カカシが牡丹を連れて木ノ葉を巡ったのは、それから一週間後のことだった。

木ノ葉隠れの里は、安定した気候で過ごしやすい。忍の諸任務を源泉とした経済活動も順調で、今後も発展が大いに見込まれる。時折広がる焼け野原や倒壊家屋など、戦争の傷跡も生々しいが、破竹の勢いである経済成長を前に、虫の息と言っていいところだ。

そして何より住む人々が、生気に溢れている。隠れ里の陰鬱な心象を払拭して余りある活気だ。

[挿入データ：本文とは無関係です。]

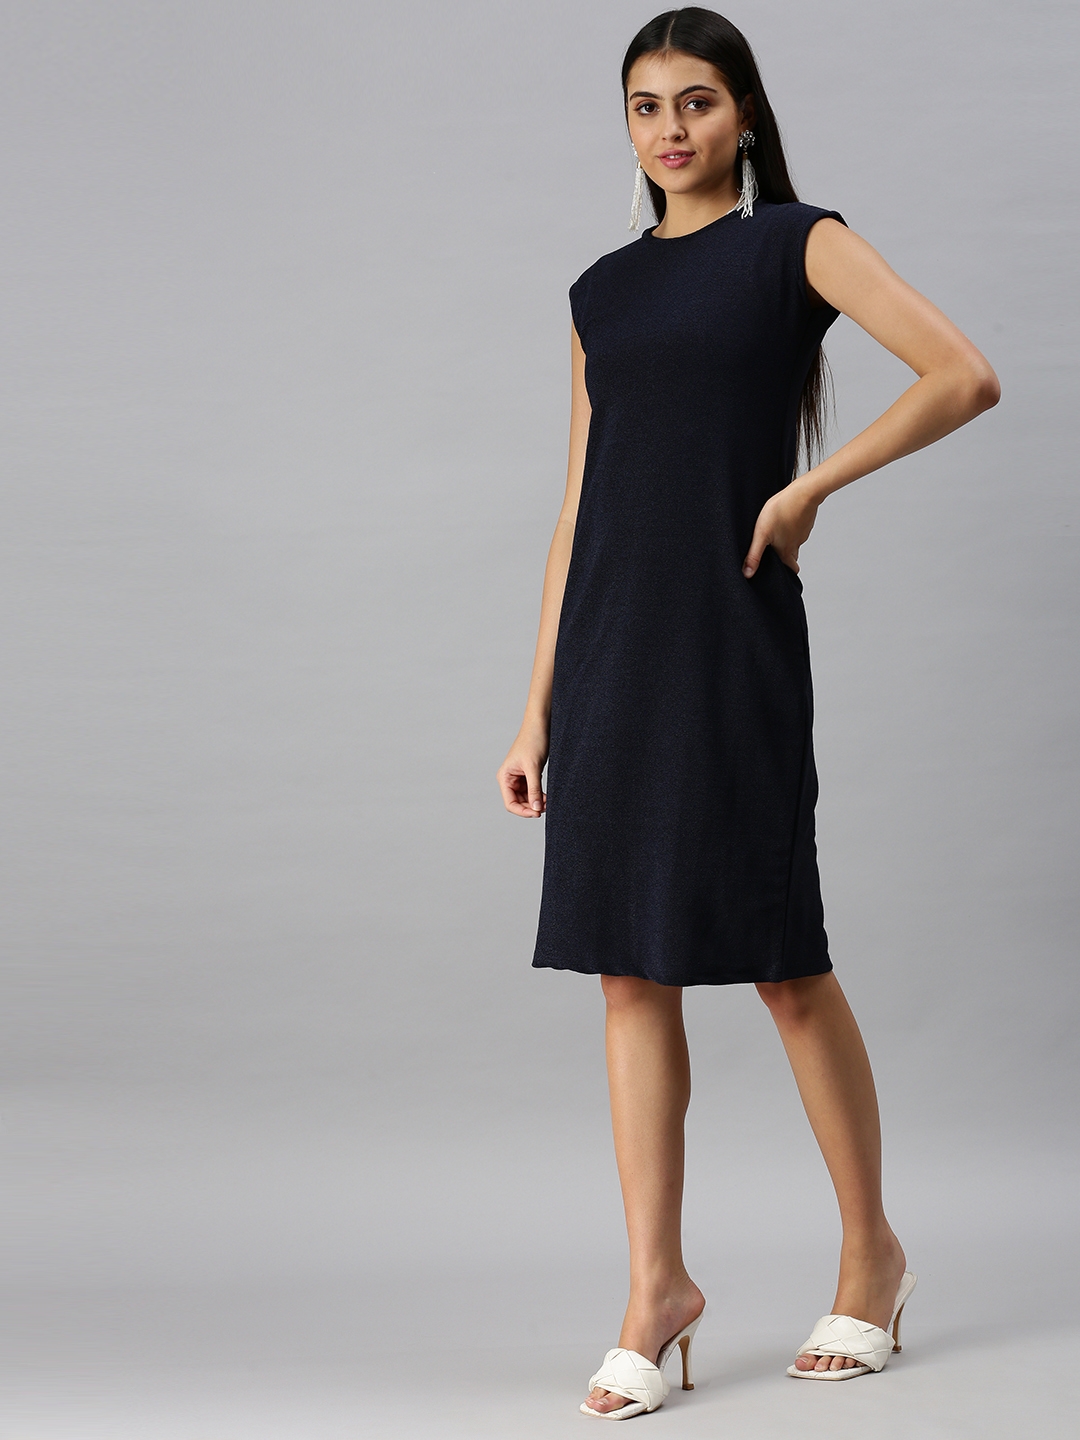 Women's Blue Synthetic Solid Dresses
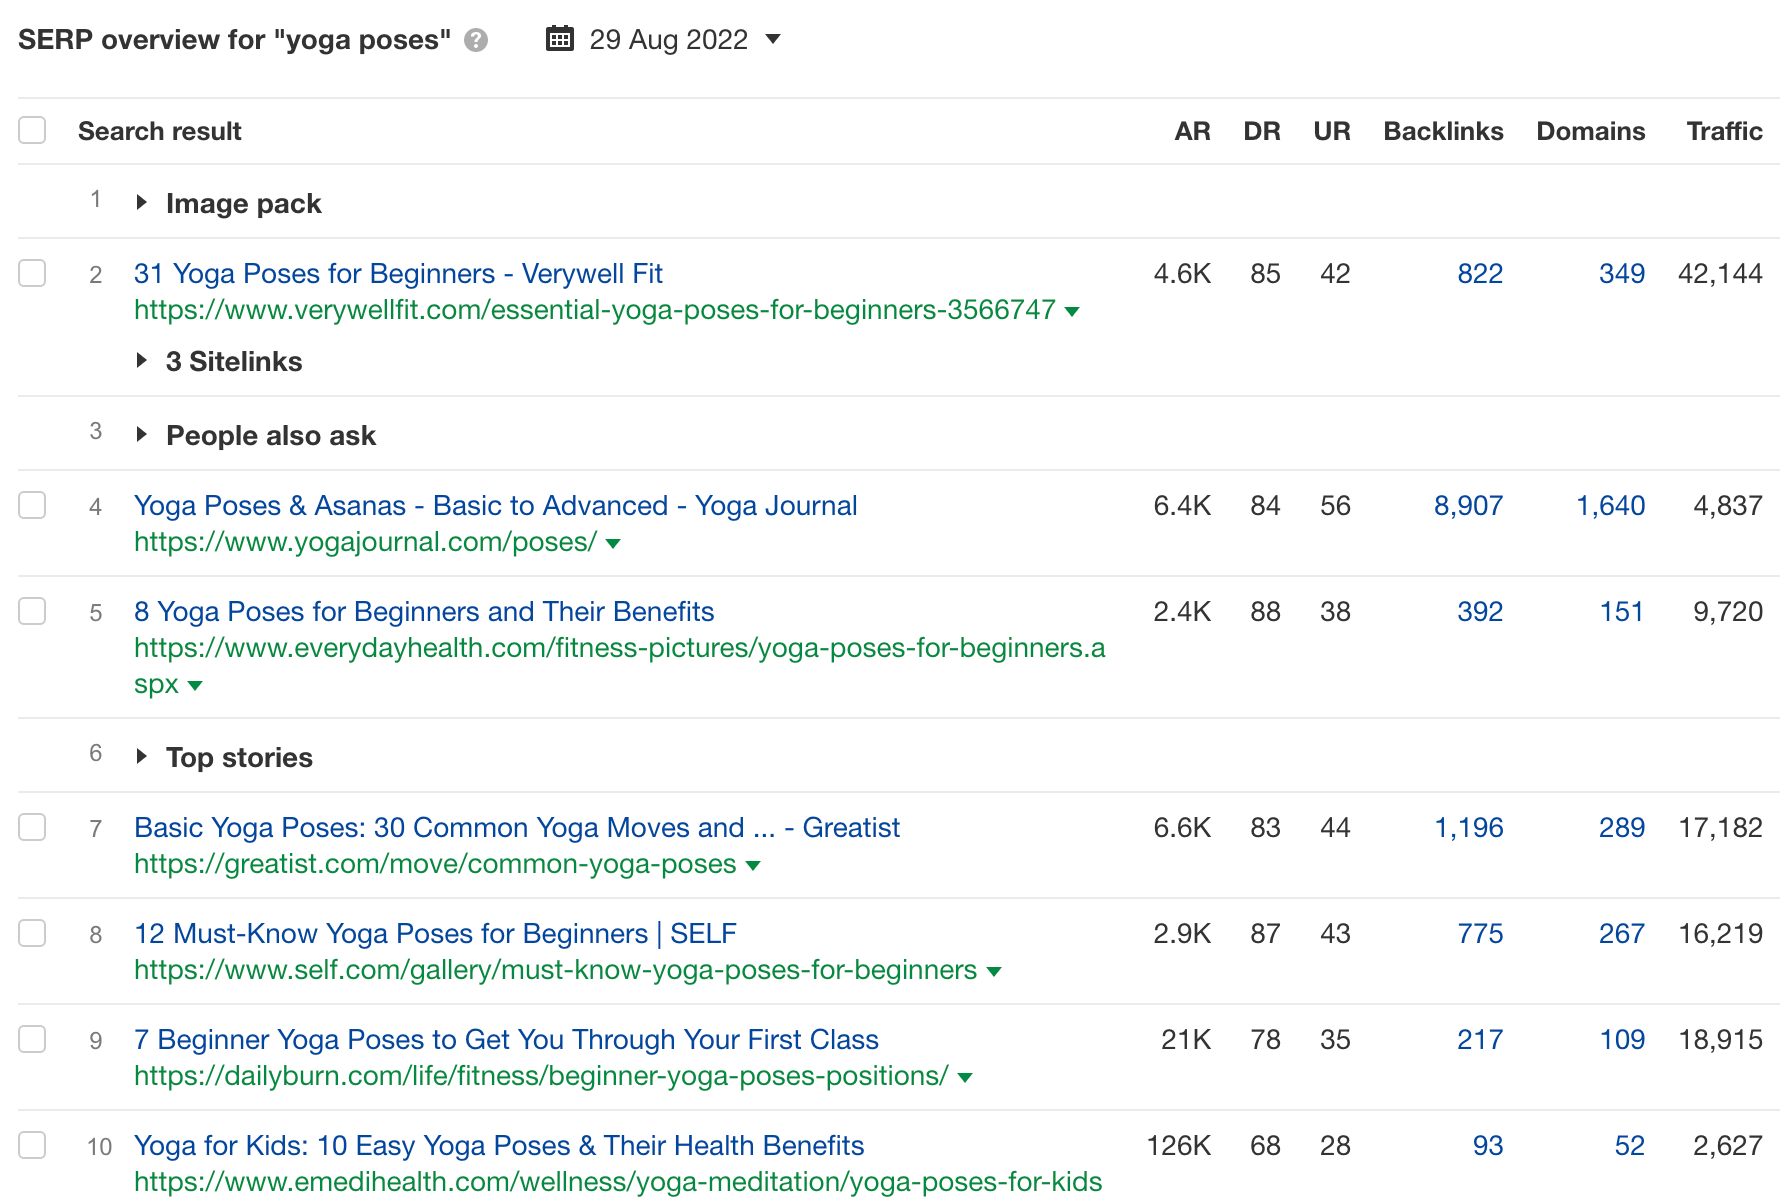 SERP overview for the query "yoga positions," via Ahrefs' keyword explorer

喜ばしいことに、牡丹はどこに赴いても歓迎された。というより、六代目火影であるカカシの訪問に、浮き足立っているのだろう。どの顔もカカシを見るなり六代目六代目と声をかける。顔岩を眺めれば忍たちに呼ばれ、ラーメンを食べれば子どもたちが集まり、甘味屋に行けば女性たちに囲まれる。カカシが適当にあしらう様子を眺めるのは、そう悪い気分ではなかった。

「まったく、これじゃデートになりゃしない」

甘味屋の塩昆布を咀嚼しながら呟いた言葉は、牡丹の一笑を買う。だって彼は、火影の笠を被り、火影の羽織を身に付けているのだから。これでは目立って仕方ないというのに。

「良い里ですね」

長閑で、人々は優しい。他所から来たばかりの牡丹の為に手を焼いてくれる人もいる。一人ではない食事のなんと味気のあるものか。父親の政治と権力の中で生きてきた牡丹にとって、人の善意が心地良いのだ。

しかし返事はない。カカシは目を細めて遠くを見ていた。その横顔があまりに沈痛で、牡丹は椅子の縁に置かれた彼の手を、そっと握った。